From the material below, retype exactly the lines that begin at the line with "псков. Устье реки" and end after the line with "Ирак до американцев и после"; pictures stay out of the copy.

**Task material**
--------------------

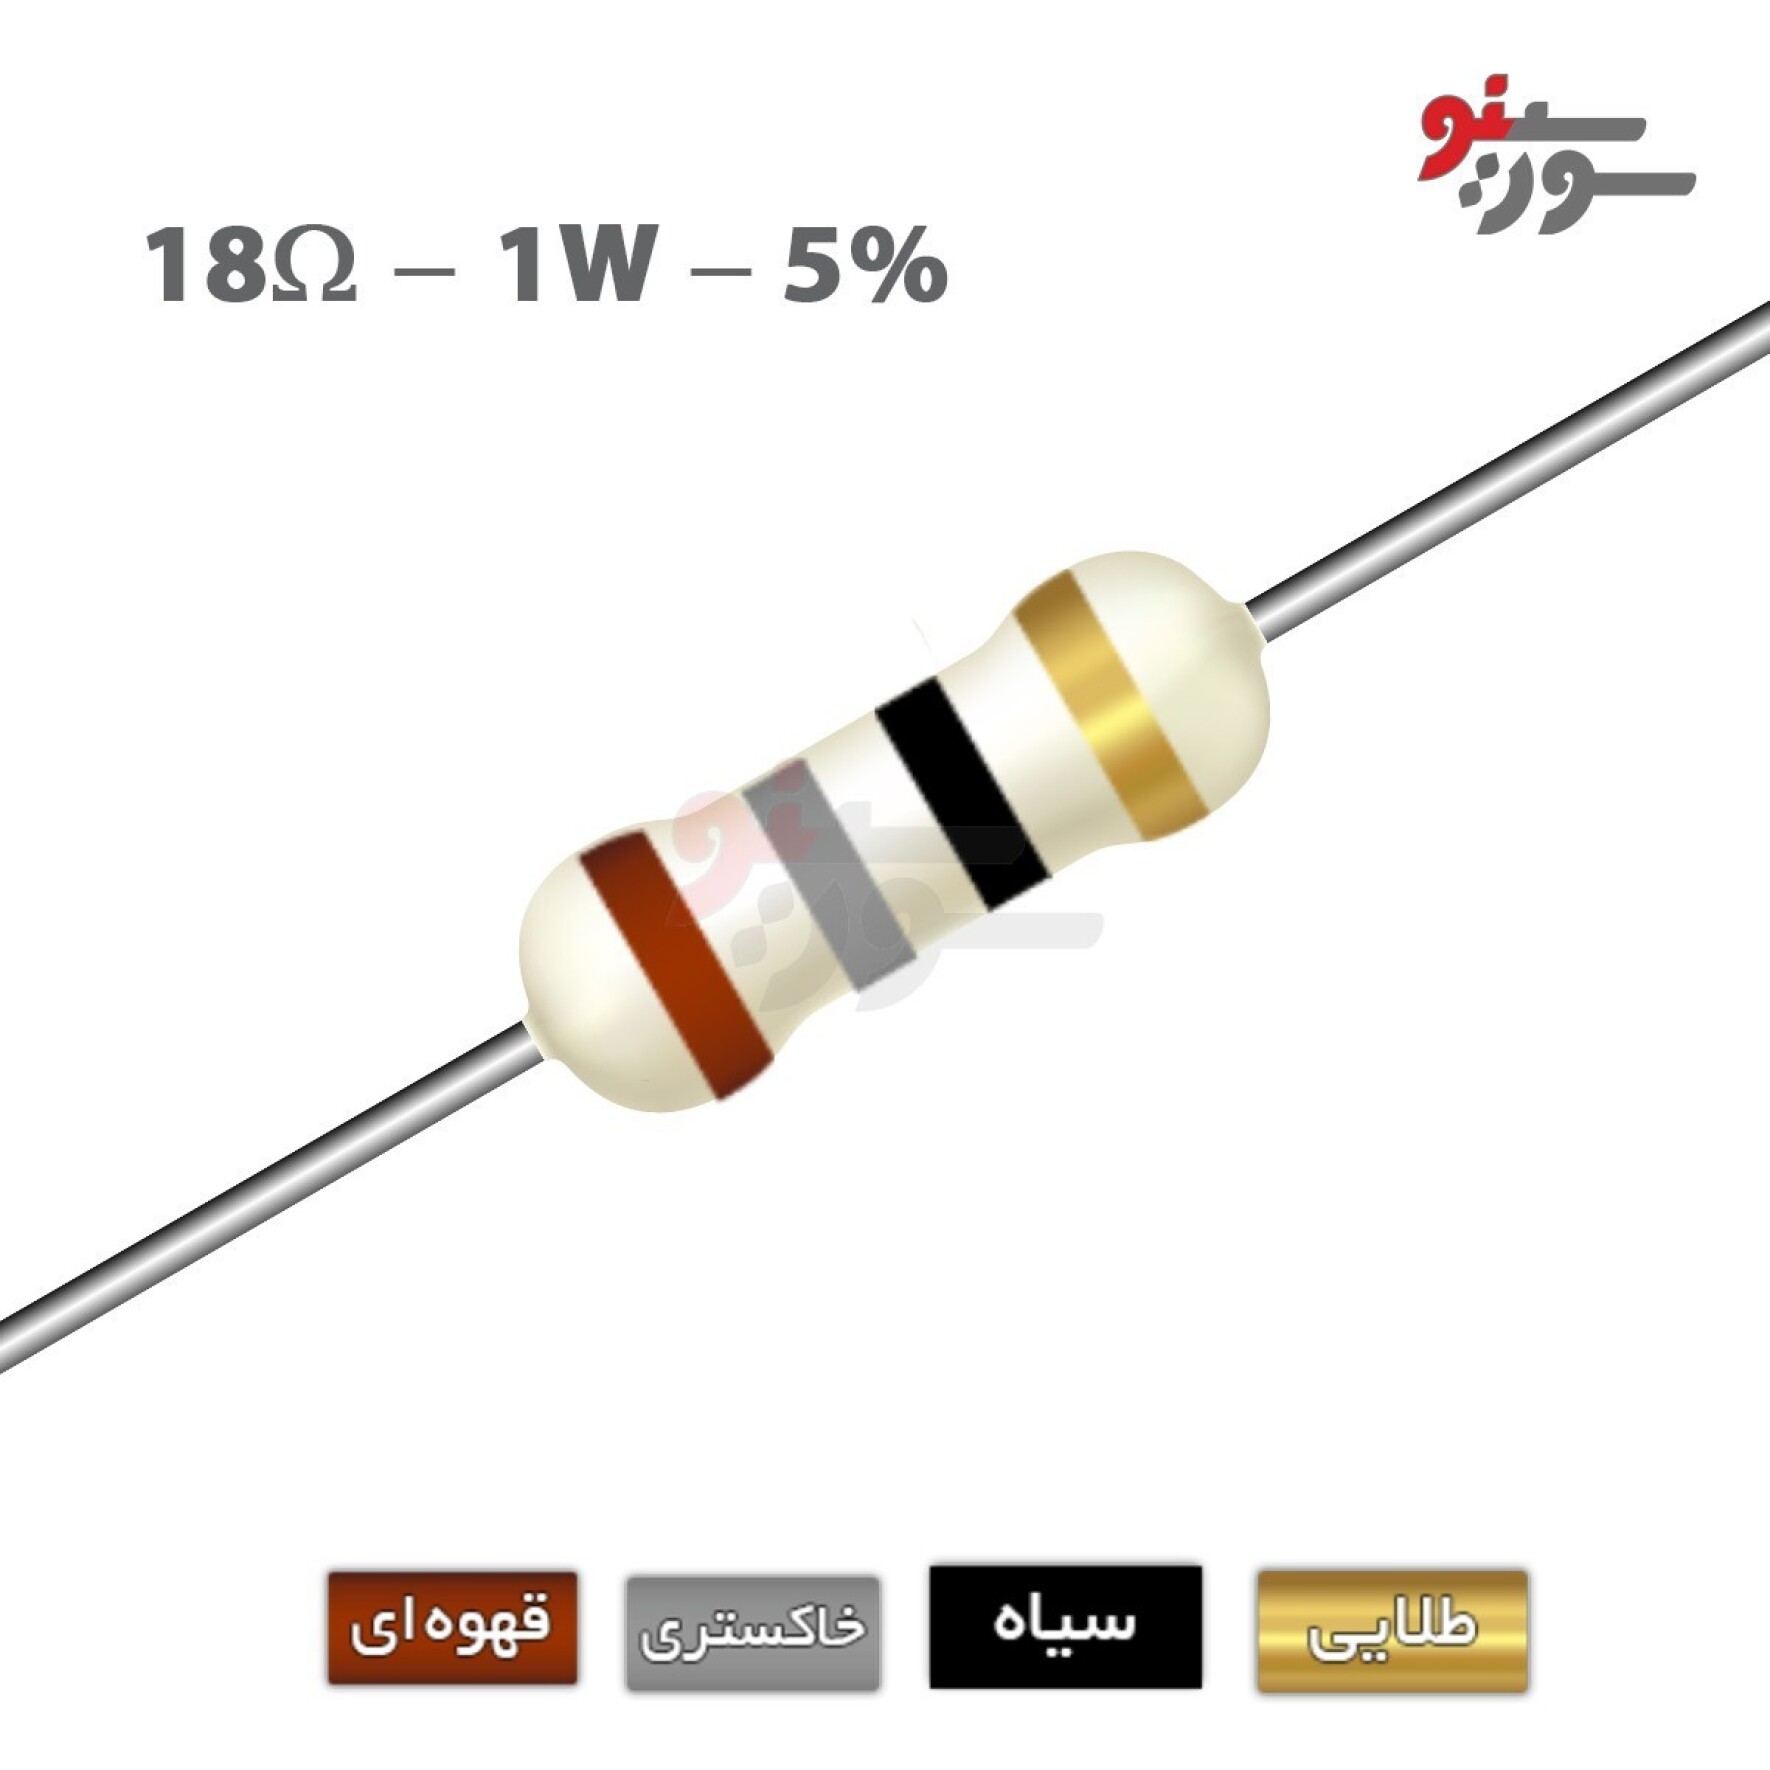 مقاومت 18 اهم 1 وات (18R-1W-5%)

--------------------

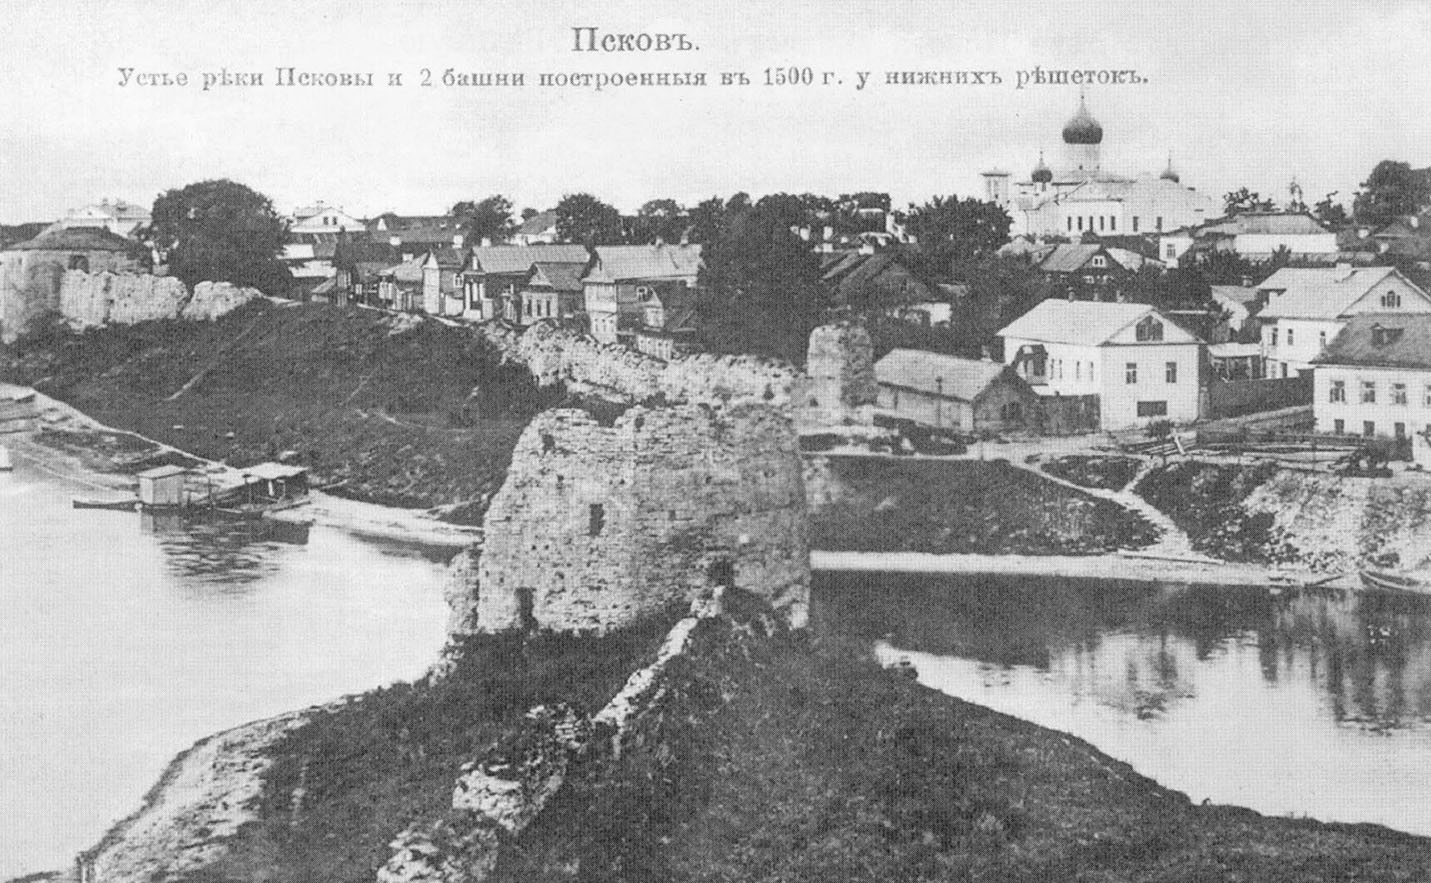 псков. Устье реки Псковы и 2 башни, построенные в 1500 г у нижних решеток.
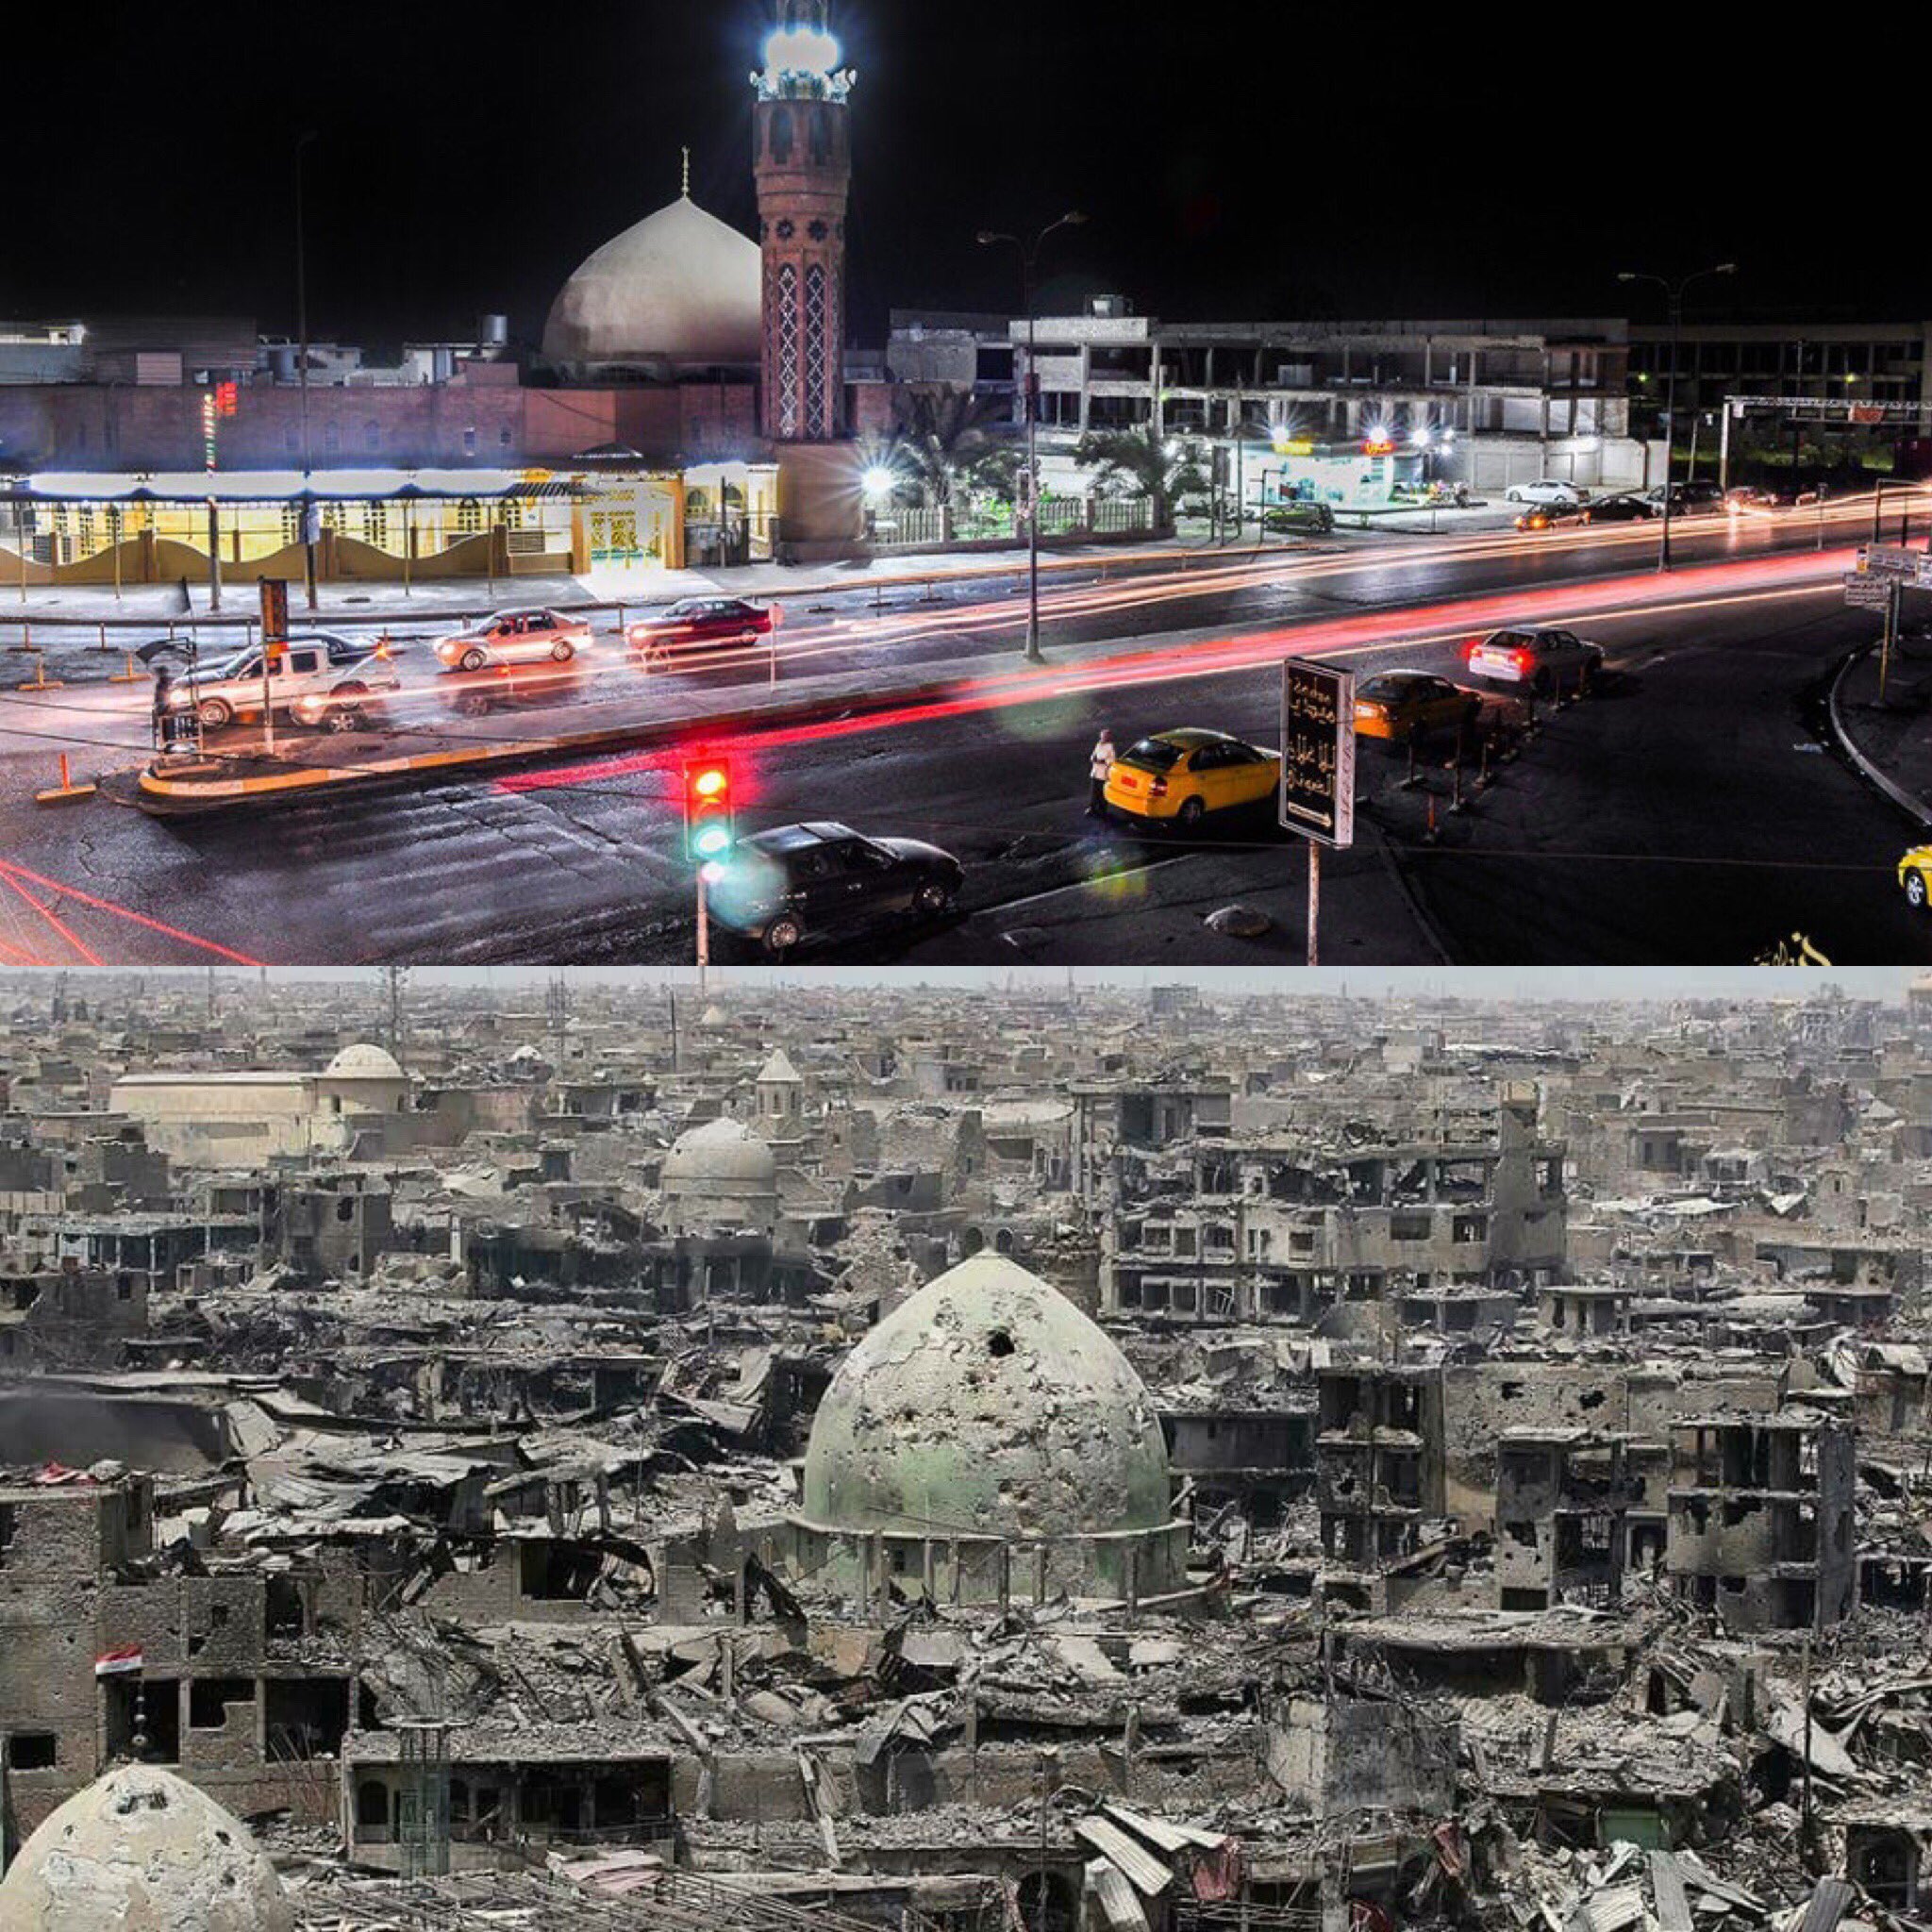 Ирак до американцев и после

--------------------

**Problem solution**
 псков. Устье реки Псковы и 2 башни, построенные в 1500 г у нижних решеток.
 Ирак до американцев и после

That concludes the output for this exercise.